VVQGY TVVVK ALURW FHQAC MMVLE HUCAT WFHHI PLXHV UWSCI GINCM
UHNHQ RMSUI MHWZO DXTNA EKVVQ GYTVV QPHXI NWCAB ASYYM TKSZR
CXWRP RFWYH XYGFI PSBWK QAMZY BXJQQ ABJEM TCHQS NAEKV VQGYT
VVPCA QPBSL URQUC VMVPQ UTMML VHWDH NFIKJ CPXMY EIOCD TXBJW
KQGAN

The following shows a summary of possible keyword lengths from 1 to 10.

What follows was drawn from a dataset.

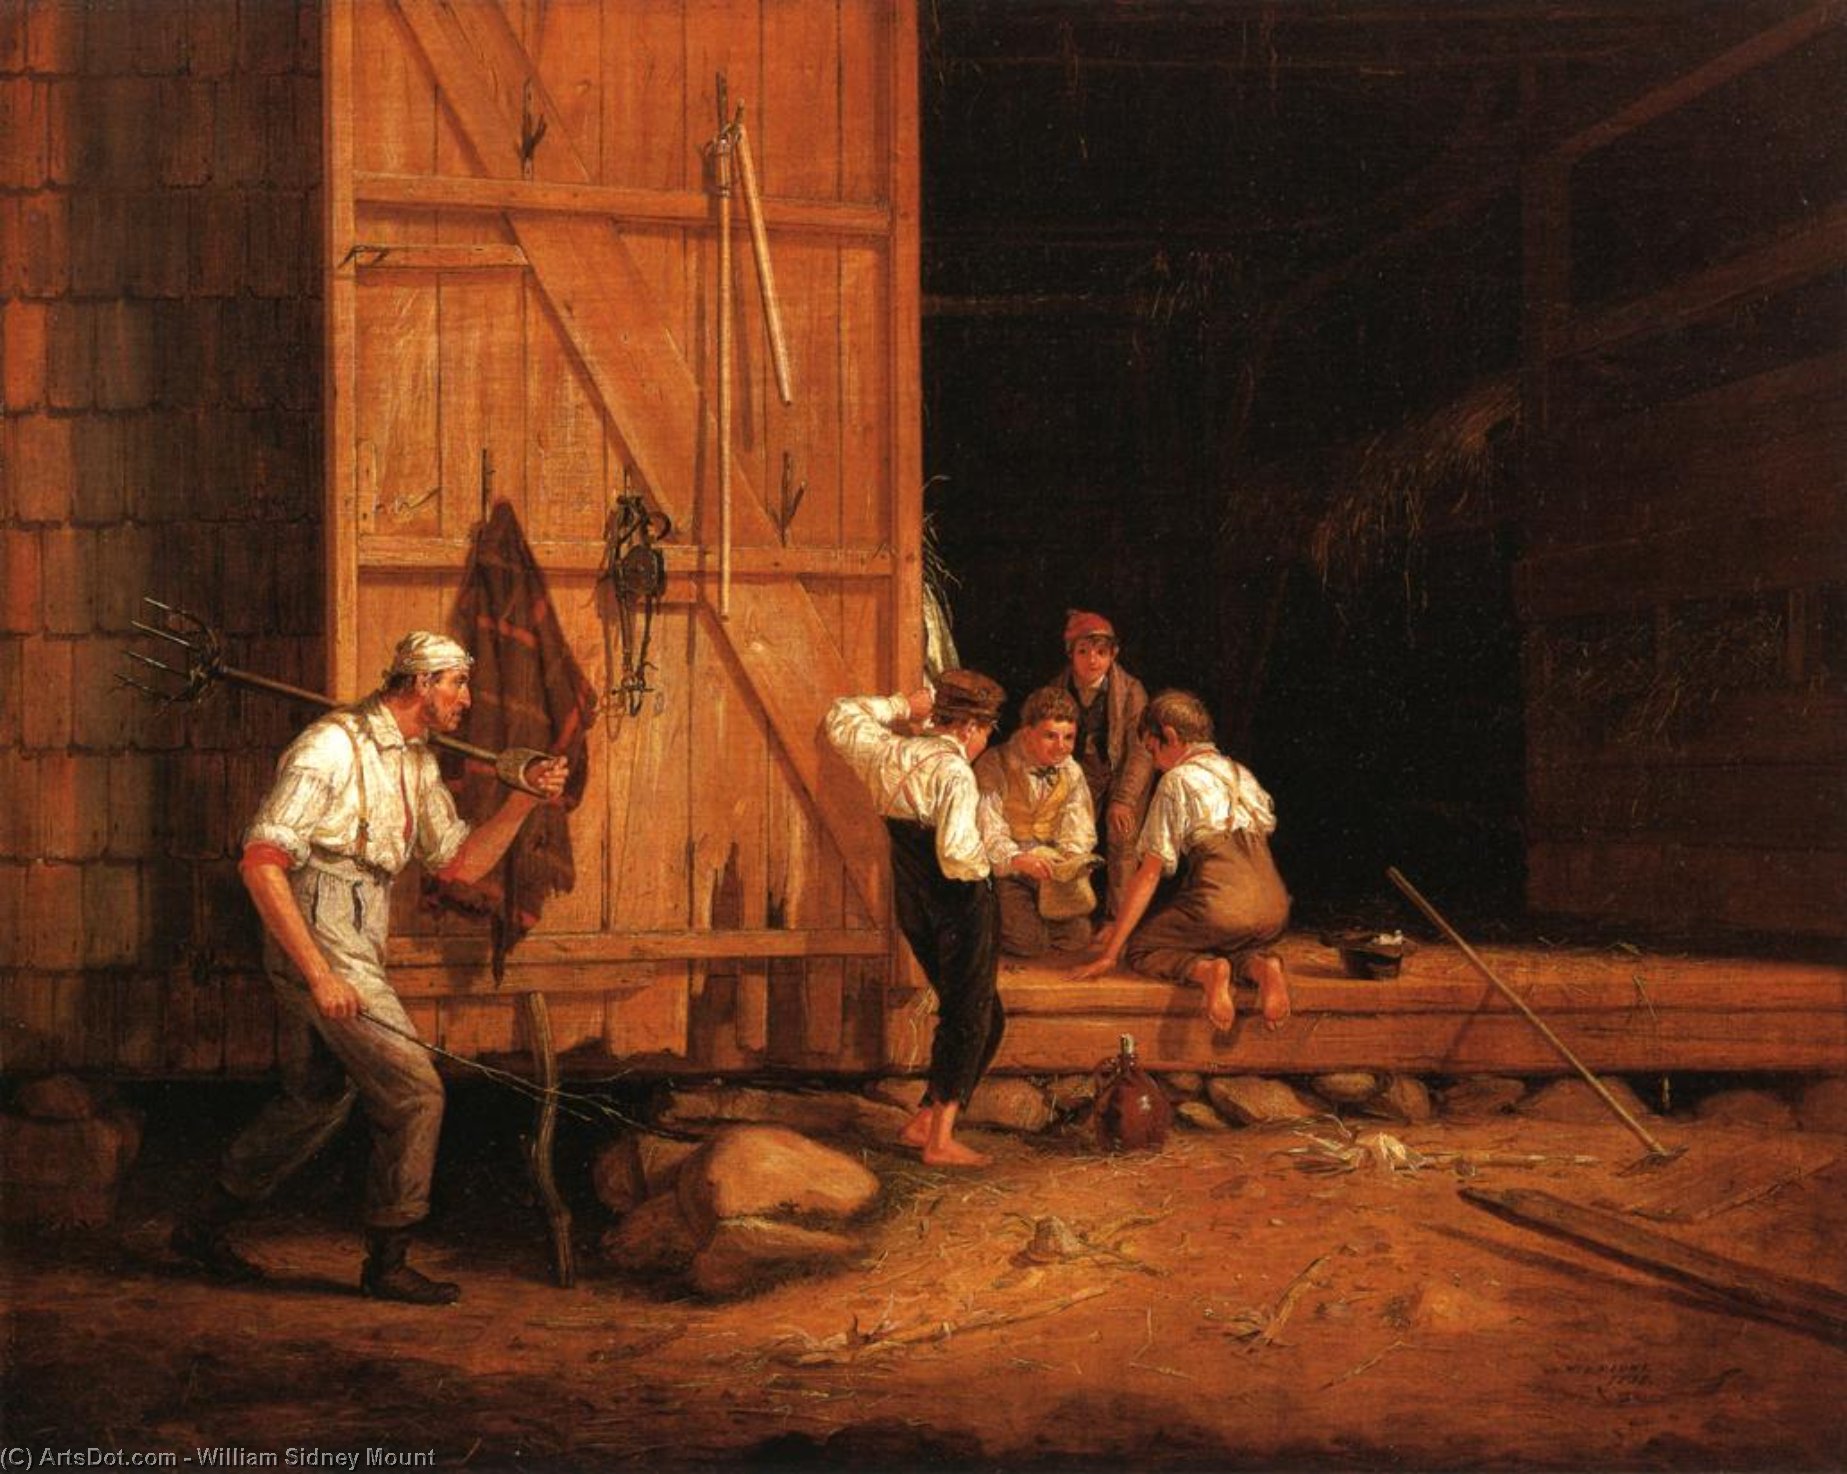 WikiOO.org - אנציקלופדיה לאמנויות יפות - ציור, יצירות אמנות William Sidney Mount - The Truant Gamblers (also known as Undutiful Boys)

Length	Indices of Coincidence	Average
1	0.041989	0.041989
2	0.046830, 0.044846	0.045838
3	0.040068, 0.045654, 0.046532	0.044085
4	0.050528, 0.047059, 0.057255, 0.042353	0.049299
5	0.045122, 0.039024, 0.040244, 0.035366, 0.039024	0.039756
6	0.052101, 0.062389, 0.058824, 0.039216, 0.051693 0.052058	0.048128
7	0.039080, 0.041379, 0.041872, 0.032020, 0.068966 0.041872, 0.029557	0.042106
8	0.058462, 0.055385, 0.086154, 0.040000, 0.101538 0.063333, 0.096667, 0.083333	0.073109
9	0.031621, 0.043478, 0.075099, 0.047431, 0.043478 0.043478, 0.023715, 0.043290, 0.043290	0.043876
10	0.066667, 0.019048, 0.028571, 0.033333, 0.042857 0.063158, 0.031579, 0.047368, 0.031579, 0.026316	0.039048

The largest IC average 0.073109 corresponds to keyword length 8, and, hence, l = 8 is the most likely length of the keyword. Compared with the example on the Kasiski's Method using Kasiski's method, keyword length 8 is very reasonable. ♦

Example 4

Let us look at a longer ciphertext as follows:

TYWUR USHPO SLJNQ AYJLI FTMJY YZFPV EUZTS GAHTU WNSFW EEEVA
MYFFD CZTMJ WSQEJ VWXTU QNANT MTIAW AOOJS HPPIN TYDDM VKQUF
LGMLB XIXJU BQWXJ YQZJZ YMMZH DMFNQ VIAYE FLVZI ZQCSS AEEXV
SFRDS DLBQT YDTFQ NIVKU ZPJFJ HUSLK LUBQV JULAB XYWCD IEOWH
FTMXZ MMZHC AATFX YWGMF XYWZU QVPYF AIAFJ GEQCV KNATE MWGKX
SMWNA NIUSH PFSRJ CEQEE VJXGG BLBQI MEYMR DSDHU UZXVV VGFXV
JZXUI JLIRM RKZYY ASETY MYWWJ IYTMJ KFQQT ZFAQK IJFIP FSYAG
QXZVK UZPHF ZCYOS LJNQE MVK

The following shows a summary of possible keyword lengths from 1 to 10.

Length	1	2	3	4	5
Average	0.041180	0.044827	0.046035	0.045062	0.038385
Length	6	7	8	9	10
Average	0.062620	0.040136	0.044498	0.047109	0.041173

The largest IC average 0.062620 corresponds to keyword length 6, and, hence, l = 6 is the most likely length of the keyword. ♦

Example 5

Here is one more example as follows:

WQXYM REOBP VWHTH QYEQV EDEXR BGSIZ SILGR TAJFZ OAMAV VXGRF
QGKCP IOZIJ BCBLU WYRWS TUGVQ PSUDI UWOES FMTBT ANCYZ TKTYB
VFDKD ERSIB JECAQ DWPDE RIEKG PRAQF BGTHQ KVVGR AXAVT HARQE
ELUEC GVVBJ EBXIJ AKNGE SWTKB EDXPB QOUDW VTXES MRUWW RPAWK
MTITK HFWTD AURRV FESFE STKSH FLZAE ONEXZ BWTIA RWWTT HQYEQ
VEDEX RBGSO REDMT ICM

The following shows a summary of possible keyword lengths from 1 to 10.

Length	1	2	3	4	5
Average	0.043351	0.041466	0.044919	0.039914	0.039010
Length	6	7	8	9	10
Average	0.041352	0.071317	0.037294	0.043934	0.040091

The largest IC average 0.071317 corresponds to keyword length 7, and l = 6 is the most likely length of the keyword. ♦

It is important to note that the maximum length is limited to 10 in all examples on this page. In practice, the keyword length may be longer than 10. If the correct keyword of an unknown keyword is k, then the method discussed on this page may report the possible keyword length being a multiple of k (i.e., k, 2k, 3k, etc). More precisely, if the true keyword is BOY, then this method may report the length being 3 for BOY, 6 for BOYBOY, 9 for BOYBOYBOY, etc. However, this is usually not a problem because one can use k, 2k, 3k, etc to recover the keyword. In general, the shortest length works well.